Top managing agents trial electronic trading system with Aon and Benfield

Testing has begun on Lloyd's first peer-to-peer data messaging system, which would allow brokers and underwriters to exchange risk data.

Members of the so-called G6 group of managing agents will individually trial the system over the next three months with brokers Benfield and Aon.

G6 is made up of representatives from Amlin, Hiscox, Beazley, Wellington, Catlin and Kiln.

Sue Langley, chief operating officer at Hiscox and chairman of G6, said: "We are on track, by the end of March, to agree the data standards for phase one, which is a simple placement message that pre-dates the broker's visit to the box."

The message, containing 20 pieces of standard data and any additional documentation, is created automatically from the broker's own system.

Langley said: "The key for us is that it doesn't impose a technological solution on anyone. It is just about data standards."

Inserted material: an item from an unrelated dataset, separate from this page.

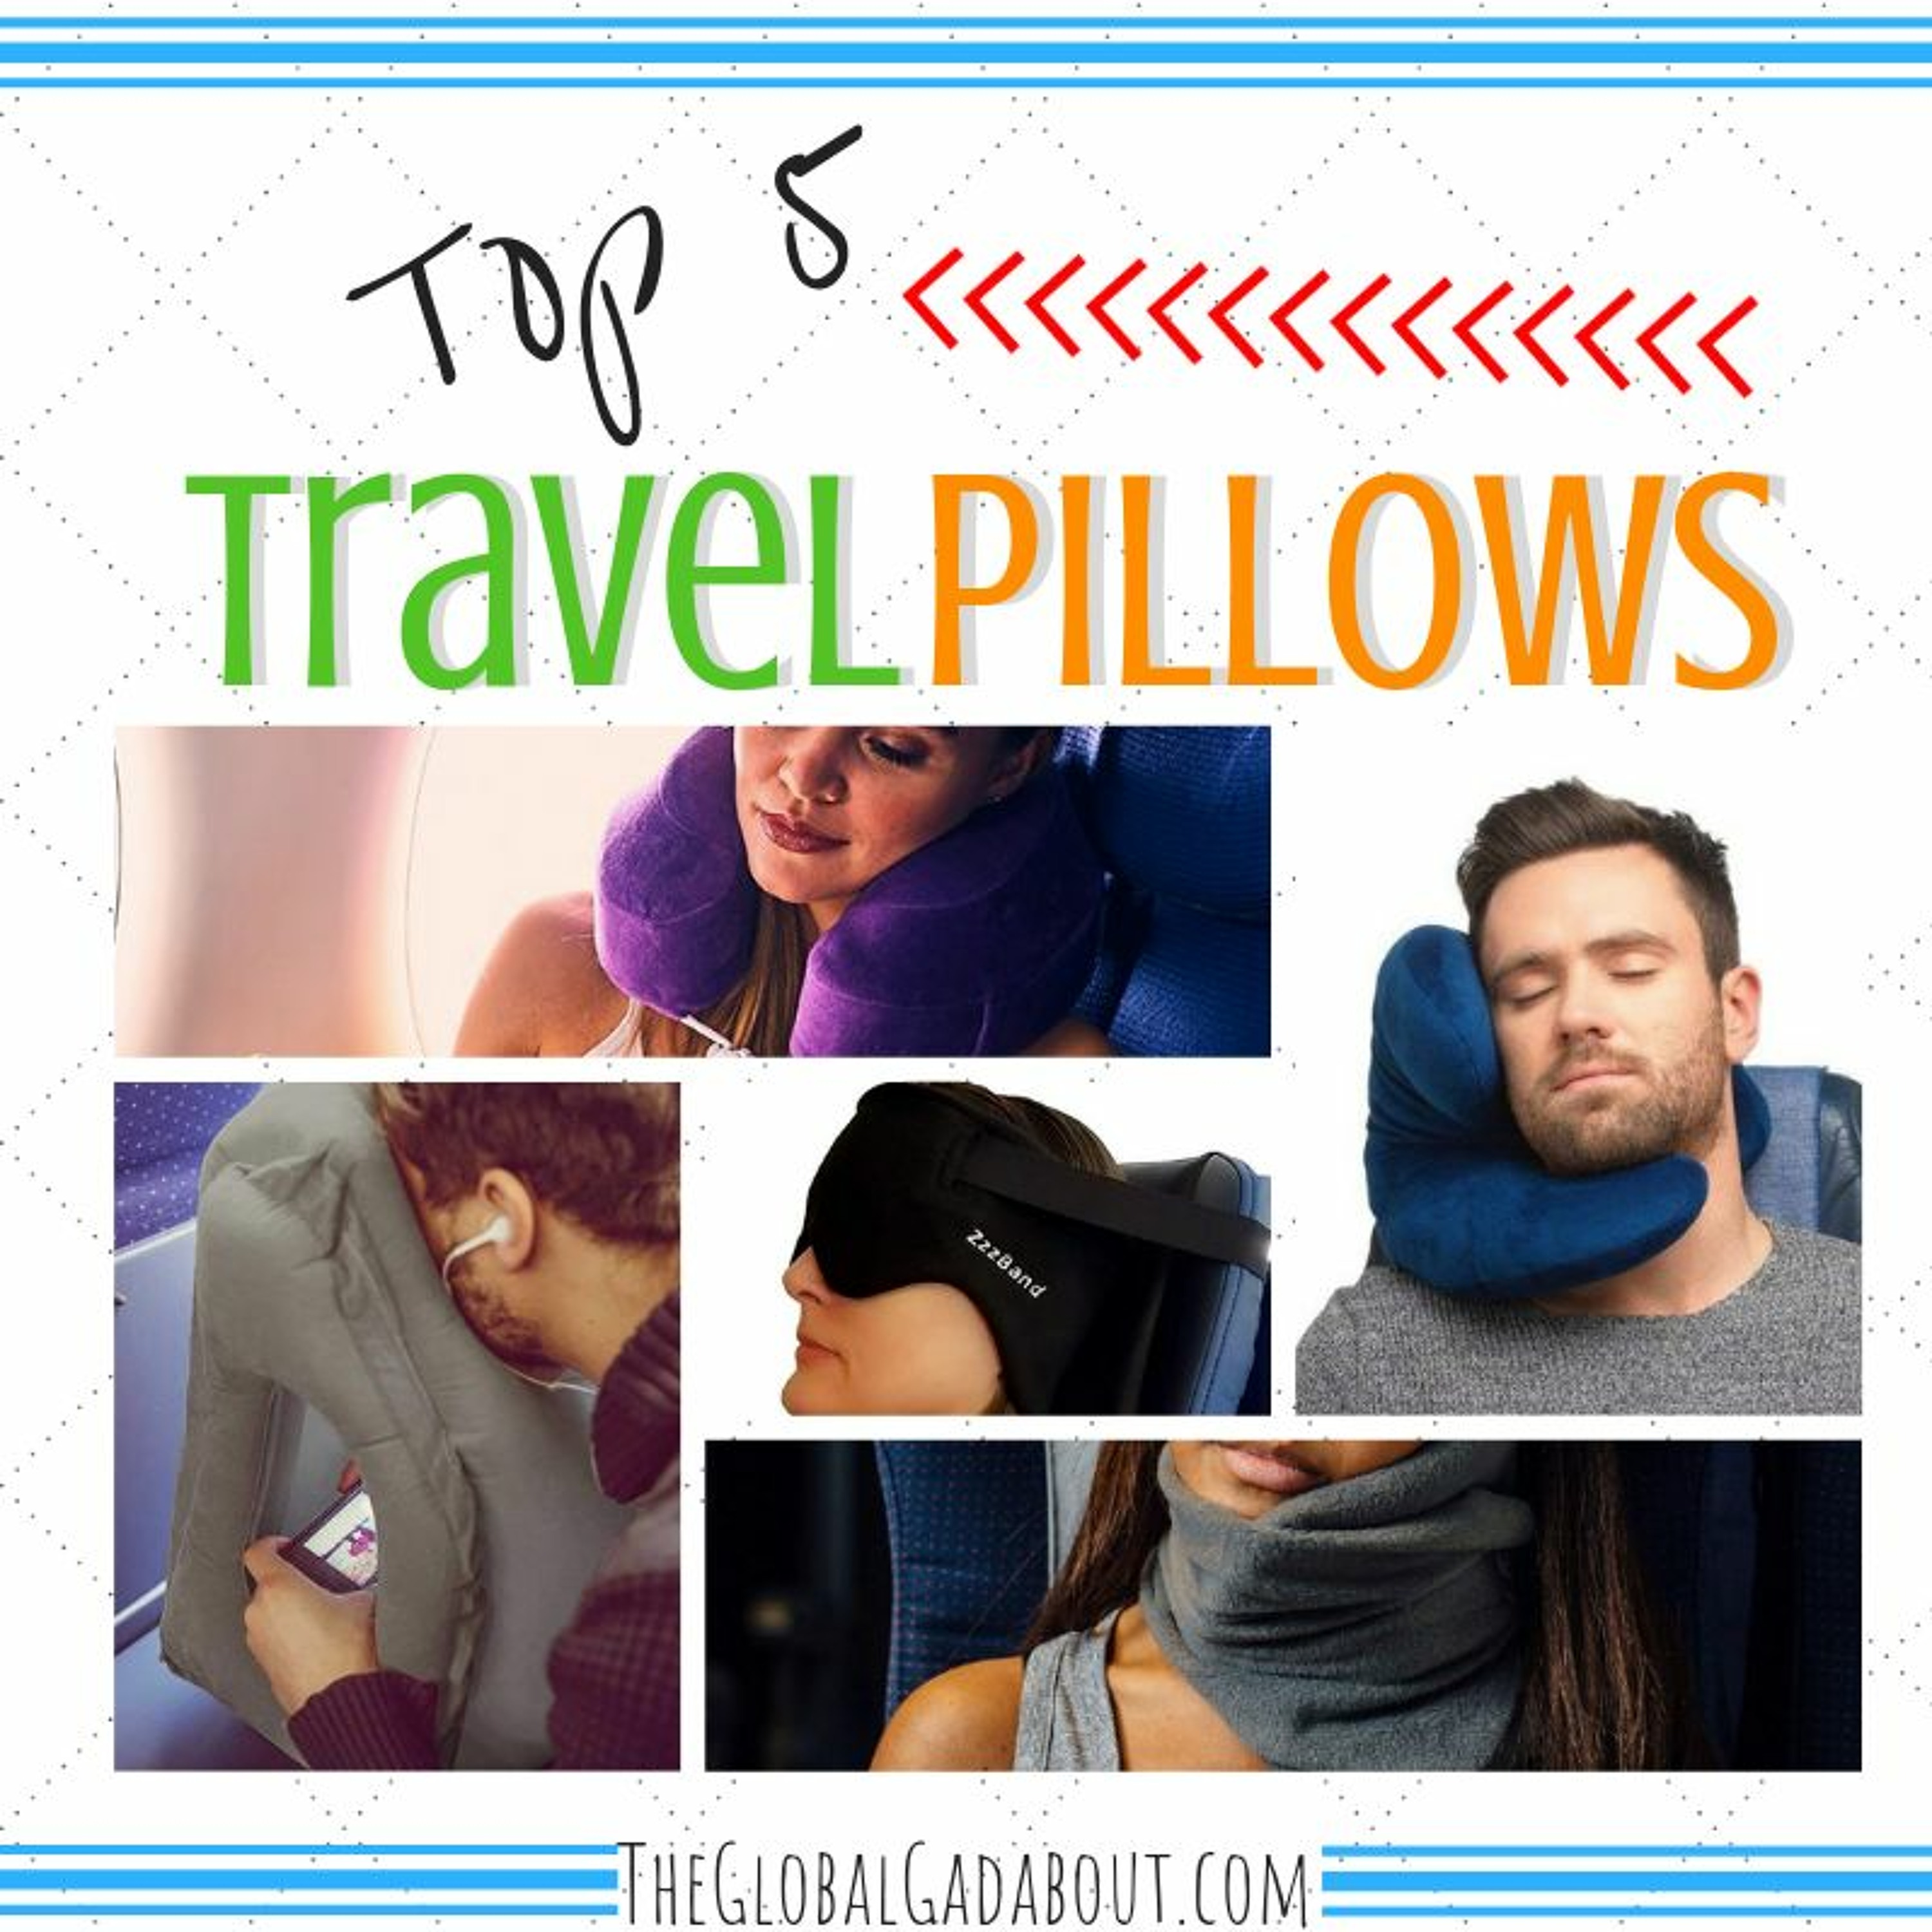 Top 5 Travel Pillows

Testing of the peer-to-peer system, which allows managing agents and brokers to exchange trading data on a one-to-one basis, is expected to last until the end of June before phase two - looking at the requirement of settlement and money - begins.

Langley said: "The payment process at the moment is cumbersome and convoluted, so we will be looking at ways of simplifying it and speeding it up."

Aon, which already has its own technology package Aon Broking Connections, declined to comment on the G6 testing, but said: "We will work with whoever is prepared to deal electronically on a peer-to-peer basis, and we will open up our technology to anyone who wants to deal with us in that way."

Dennis Mahoney, chairman and chief executive of Aon UK, believes that the future lies in peer-to-peer connectivity and 'straight-through' electronic processing.

He told delegates at a recent FSA conference that the challenges now facing the London market are to eliminate the need for rekeying of information; streamlining workflows and reducing frictional costs; and achieving contract certainty by the end of 2006.